Why Political Trading Is a Unique Problem

Elected officials and their staff already operate under the STOCK Act, a 2012 law that bars them from trading stocks based on secret information learned through their job and requires them to publicly report trades. But enforcement is sporadic — violations can result in fines that are small compared to potential profits, and prosecutions are rare.

Prediction markets add a new wrinkle. Before Kalshi, if a member of Congress or staffers knew the outcome of a closed-door vote count, committee decision, or upcoming executive order, they faced a choice: trade stocks (which are reported and carry legal risk) or do nothing. Now they have a third option: cash-settled event contracts on whether legislation will pass. These were largely unregulated in the US until now. The CFTC's authority over Kalshi closes that gap in theory. Whether it closes it in practice depends on whether Kalshi's monitoring actually works, whether the CFTC has resources to enforce, and whether federal prosecutors treat prediction market cheating as seriously as they treat stock market fraud.

We have seen this timing gap before. When options markets expanded in the late 1970s and early 1980s, people quickly figured out how to use them to profit ahead of big corporate mergers, and the law took years to catch up. The SEC eventually established rules that covered these scenarios, but there was a real window where traders could exploit the gap between the new instrument and the old rulebook. Prediction markets are at a similar inflection point now: the markets are new, the participants know what they're doing, and the rules are still being written.

The Regulatory Picture

Kalshi operates as a "designated contract market" under CFTC supervision, which means it has real legal obligations around market monitoring, trader conduct, and enforcement — more than most financial technology platforms face. The rules require Kalshi to have the ability to detect, investigate, and punish rule violations, including manipulation. The March 2026 package is partly compliance: it tells the CFTC that Kalshi is building systems appropriate for its market.

The whistleblower and league cooperation pieces suggest Kalshi is constructing a layered detection system of the kind regulators expect from established exchanges. Whether the CFTC thinks this is enough, or whether it will demand tougher surveillance standards as these markets grow, is still an open question. The CFTC has not yet published specific guidance on how to monitor event contracts; the existing rules were written for commodity and futures markets, not binary events.

What to Watch Going Forward

For compliance professionals at trading firms using Kalshi, the message is clear: unusual positioning ahead of known events — elections, legislative votes, major sports matchups — will set off automated flags. Firms need to build their own pre-trade checks specifically for event contracts and ensure their information barriers (the internal walls that separate teams handling confidential information from trading teams) are documented and actually enforced.

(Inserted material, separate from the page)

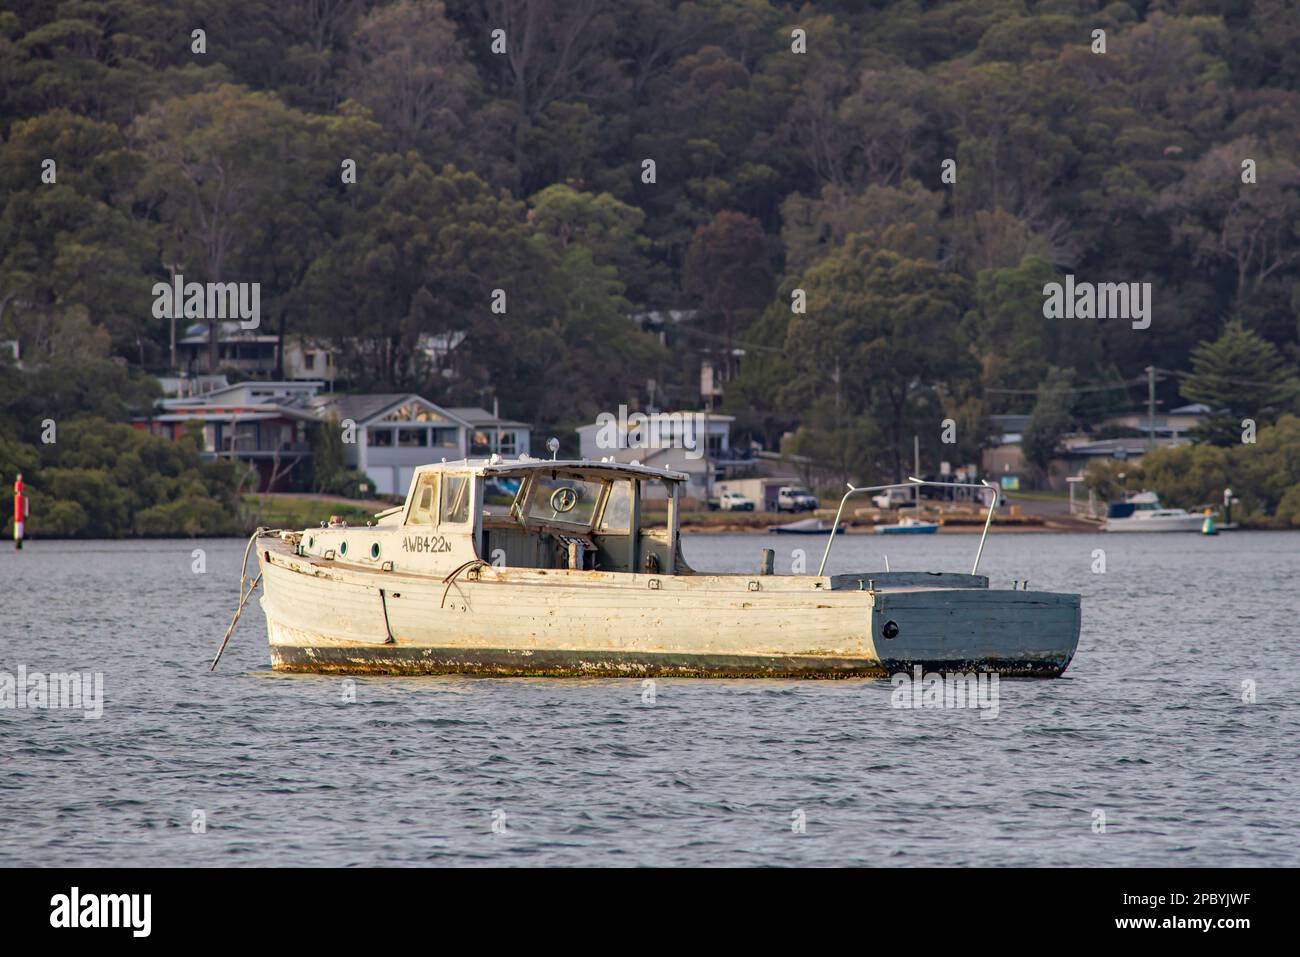 Ehemaliges Arbeitsboot der Armee aus dem 2. Weltkrieg 40ft, AWB422, am Ettalong Beach festgemacht und etwas schlechter getragen, aber noch registriert und in Gebrauch. Stockfoto

For everyday traders, the league cooperation arrangements mean a new kind of risk. Sports leagues now have a formal channel directly to Kalshi's compliance team. Trading on sports contracts based on information you learned from coaching staff, team medical personnel, or officials carries more enforcement risk than it did before these arrangements existed.

The basic principle underneath all of this is straightforward: markets work when participants trust that prices are based on information everyone has access to, not on secrets held by insiders. Kalshi's March 2026 measures are trying to defend that principle in a market where figuring out who counts as an "insider" is trickier than it is in stocks or futures.